The Antoine Maduro Football Stadium in Willemstad, capital of the Caribbean island of Curaçao, has seen better days. Against the faded yellow and blue walls, the artificial turf glows an unnatural green. The reigning champions, Jong Holland, are about to play Victory Boys, a top-of-the-table clash in Curaçao’s premier league. None of the clubs is professional. Training and matches take place after work, and the fixtures are not even publicly listed.
Anyone sitting in the stadium might struggle to believe the island has made football history. In November 2025, Curaçao, with a population of 156,000, drew its match against Jamaica to become the smallest country in history to qualify for the Fifa World Cup. This month, the team is in the United States to compete in the tournament, jointly hosted by Mexico and Canada. The team, known as ‘The Blue Wave’, may have lost more matches than they have won historically, but they are now taking on Germany, Ecuador and the Ivory Coast in the first round of the World Cup. How is this possible?
Part of the story begins 4,350 miles away in the Netherlands, where most of today’s national team were born and raised. Many of their parents and grandparents moved there from Curaçao, a former Dutch colony, to find work. Fifa’s rules allow players to represent the country of their parents or grandparents – something taken advantage of by almost all of the Curaçao players heading to the World Cup. For the Curaçao national jersey, heritage is enough.
But it wasn’t always like this. Bryan Anastatia, who captains Jong Holland, had been called up to play for the national team a few times in the past, before Fifa adopted the new rule. Things are different now, he said.
‘If you want to turn professional, you have to leave Curaçao early,’ he went on, leaning against a goalpost in the stadium. For him, 16 years of age was already too late. Instead, he went to Cuba, studied sports science and returned to the island, becoming a primary school PE teacher. He has now been playing for Jong Holland for almost 20 years. ‘I tried to secure my future, to get a degree,’ he added. ‘I do regret not having gone to the Netherlands sometimes. I think I could have made it. But you can never know for sure.’
Seeing Curaçao qualify for the World Cup has been a bittersweet experience for him. ‘Playing in a World Cup is the greatest thing that can happen to you in football. But we can’t be quite so proud of this team. Many of the island’s great players never had the chance to be part of this success.
‘Still, we’re in it. And I hope they get a few good results.’ The World Cup brings in money, he noted, lots of it. ‘But if we don’t channel it into our own structures – from the youth leagues upwards – then nothing will change.’
Post-colonial realities
Curaçao has been an autonomous constituent country within the Kingdom of the Netherlands since 2010. Almost half of all Curaçaoans live in the Netherlands.

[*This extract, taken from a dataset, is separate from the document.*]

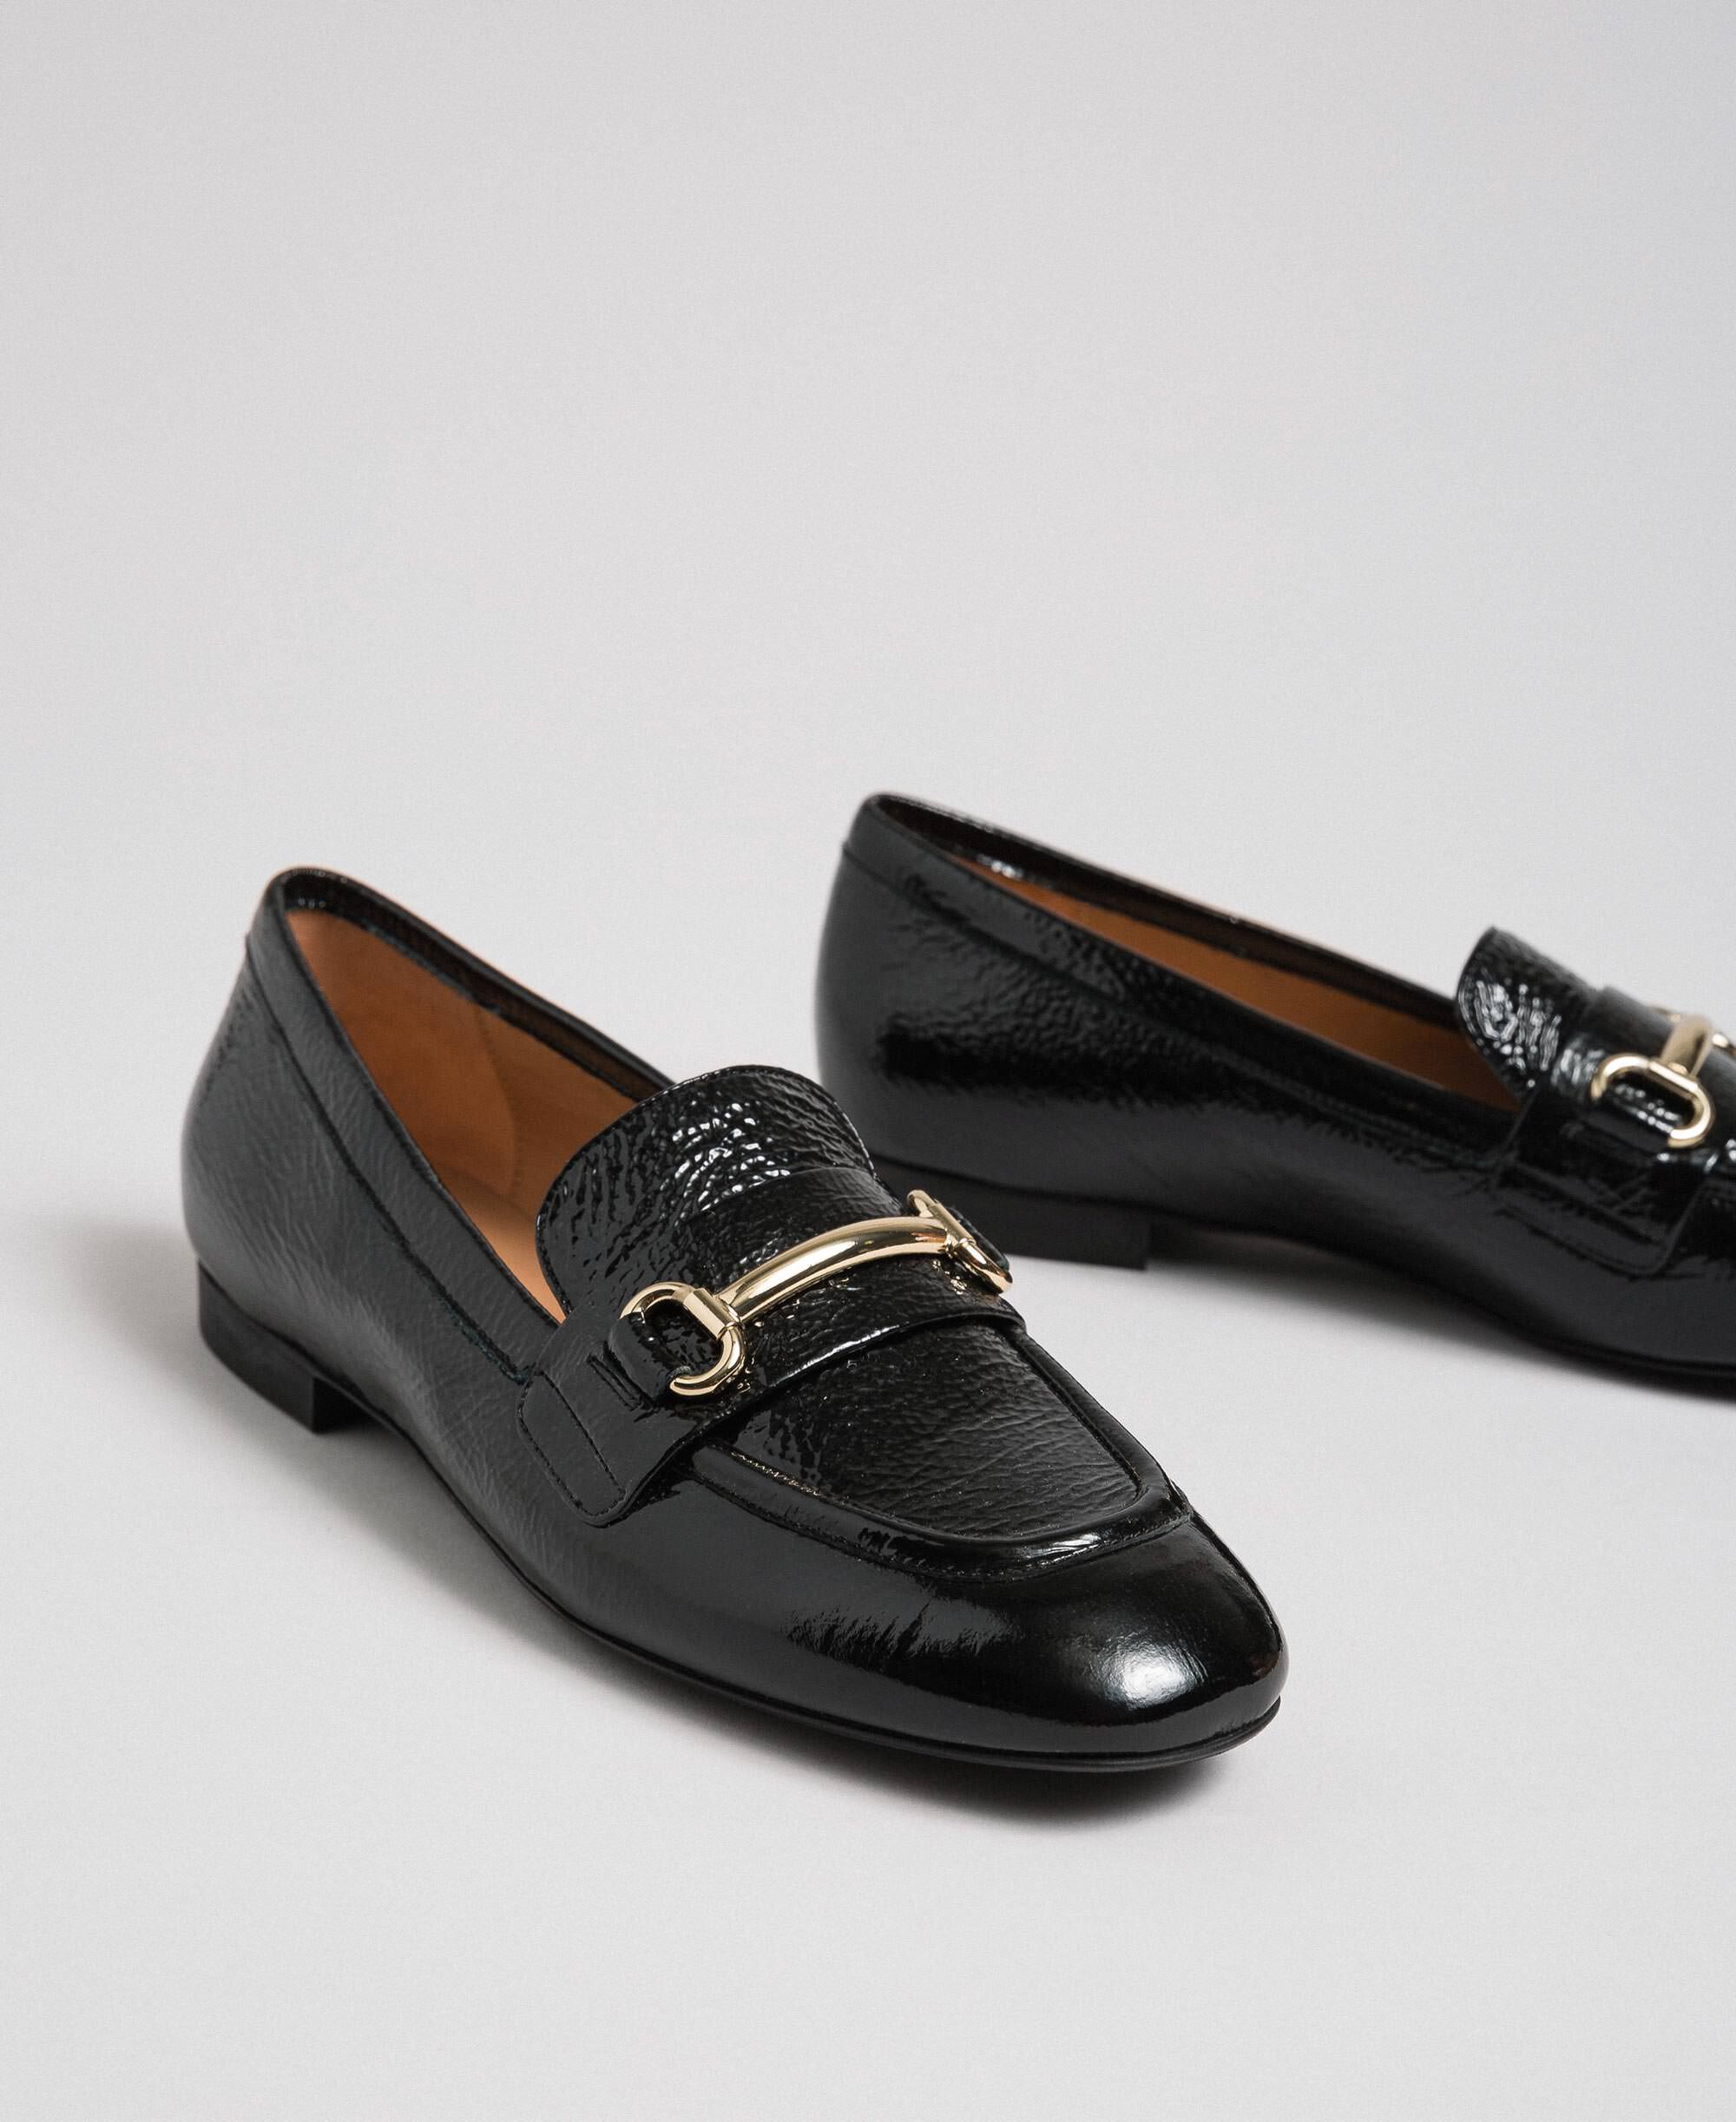 Patent leather moccasins

Life is tough for those on the island, many of whom have or are entitled to a Dutch passport. More than 30 per cent of households live below the poverty line, while prices are on a par with those in Europe.
‘We were their colony,’ said Valdemar Marcha. ‘And informally, we still are.’ Marcha is a professor of cultural anthropology, a former director of ALM (Antillean Airlines) and author who has spent his life researching the island’s history.
‘The people here are descended from West African slaves who were shipped to Curaçao, sold and sent on,’ he said. The original inhabitants, the Caquetio, were deported by the Spanish to Hispaniola, now divided into Haiti and the Dominican Republic, to work in copper and gold mines. In 1634, the Dutch took over and turned Curaçao into the centre of the Caribbean slave trade, until 1863, when slavery was abolished in the Dutch empire.
He is standing in the study of his home in Jan Thiel, a few miles outside Willemstad. This used to be a plantation with slaves and today it is one of the wealthiest neighbourhoods on the island. Behind him is a large bookshelf. ‘I wrote all of those,’ he said, pointing. He pulls out a book whose cover shows a man smiling, balancing a football on his index finger. ‘Ergilio Hato, the Black Panther,’ Marcha said. Hato was a goalkeeper and a national hero on Curaçao in the 1950s. ‘Ajax, Feyenoord, Real Madrid, they all made Hato offers. But he turned them all down to stay on the island.’
After his football career, Hato worked as a catering assistant at Marcha’s airline, ALM. They became friends and Marcha looked after him in his old age. Unlike Hato, today’s national team players only know Curaçao from holiday visits. ‘They have one foot in the Netherlands, where they were born and raised, where they learnt to think, feel and act,’ Marcha said. ‘The other foot is in Curaçao. In the land of their fathers and grandfathers, who passed on values, rituals, heroes and symbols to them through invisible channels.’ Tensions still linger, he said. ‘When Curaçao wins, it’s a Dutch victory. When we lose, we’re something else.’